Puberty, the attainment of sexual maturity, is triggered when the pituitary gland stimulates other endocrine glands to secrete hormones, including estrogens and progesterone in females and testosterone in males, that initiate a growth spurt. This milestone in growth is marked by changes such as the start of breast development and menarche in girls, and the enlargement of the testes and spermarche in boys. Girls tend to reach menarche earlier in the more advanced countries, but there is still considerable variation in the onset of menstruation throughout the world.

What Determines the Timing of Puberty?

Inheritance is a strong factor in the timing of menarche, although environmental conditions such as conflict within the family and absence of the father may also exert an influence on when a young girl reaches menarche.
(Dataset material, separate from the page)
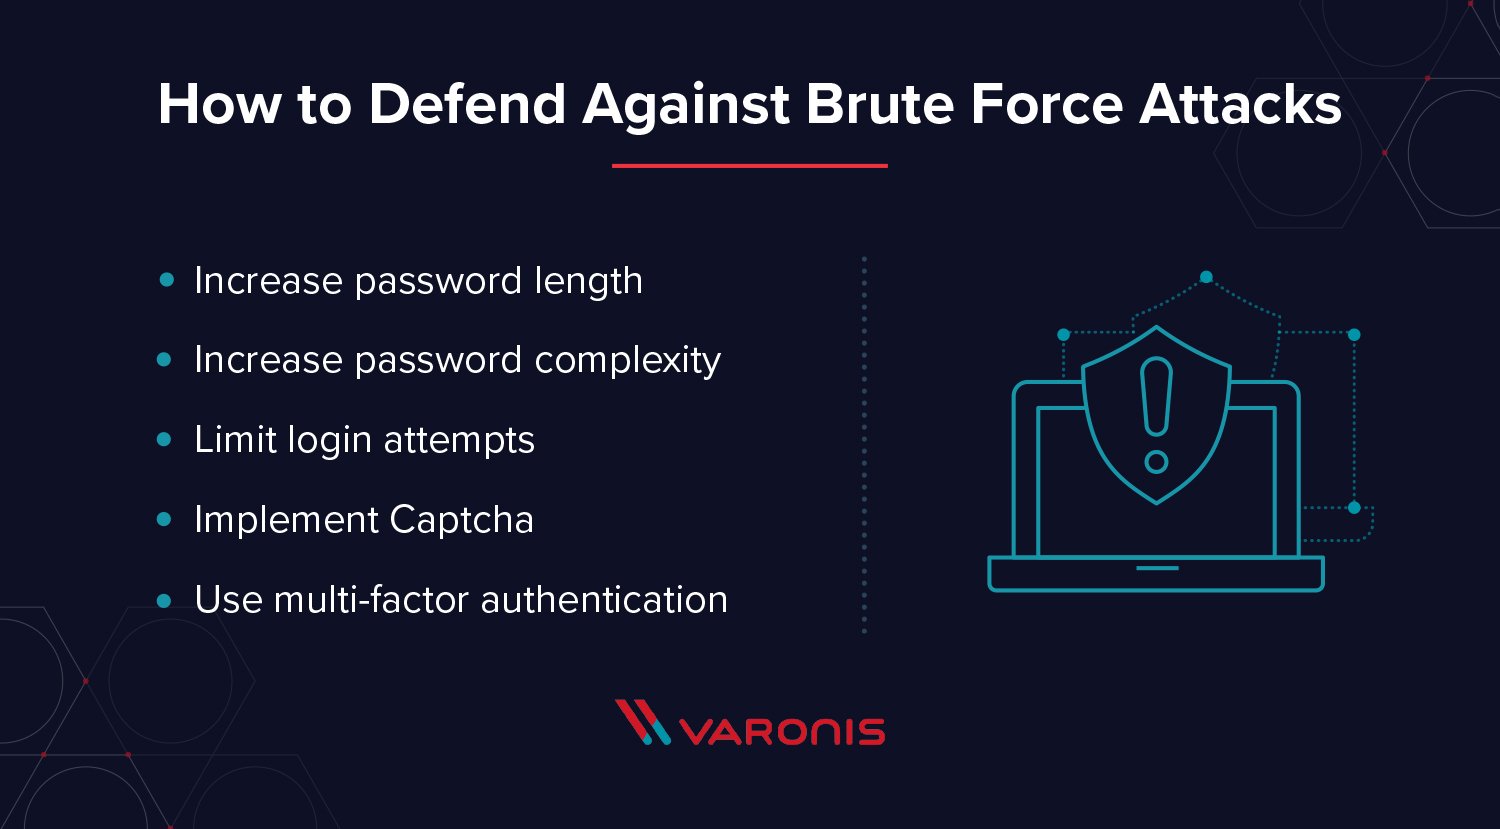 How to Defend Against Brute Force Attacks

The Effects of Early and Late Maturation

The timing of physical maturation can affect the child's social and emotional adjustment. Research indicates that the effects for late-maturing boys and early-maturing girls are largely negative. In general, the impact of the timing of puberty is best understood in the context of other transitions, such as school transitions and family disruptions, which may help or hinder the child's ability to cope with biological changes.

There are wide individual differences in rates of maturation. However, in general, girls mature earlier than boys; on average, major changes occur two years earlier for girls. Although early maturation is usually seen as advantageous for boys, girls sometimes find early maturation stressful, developing poor body images and engaging in so-called adult behaviors such as drinking and smoking at an early age.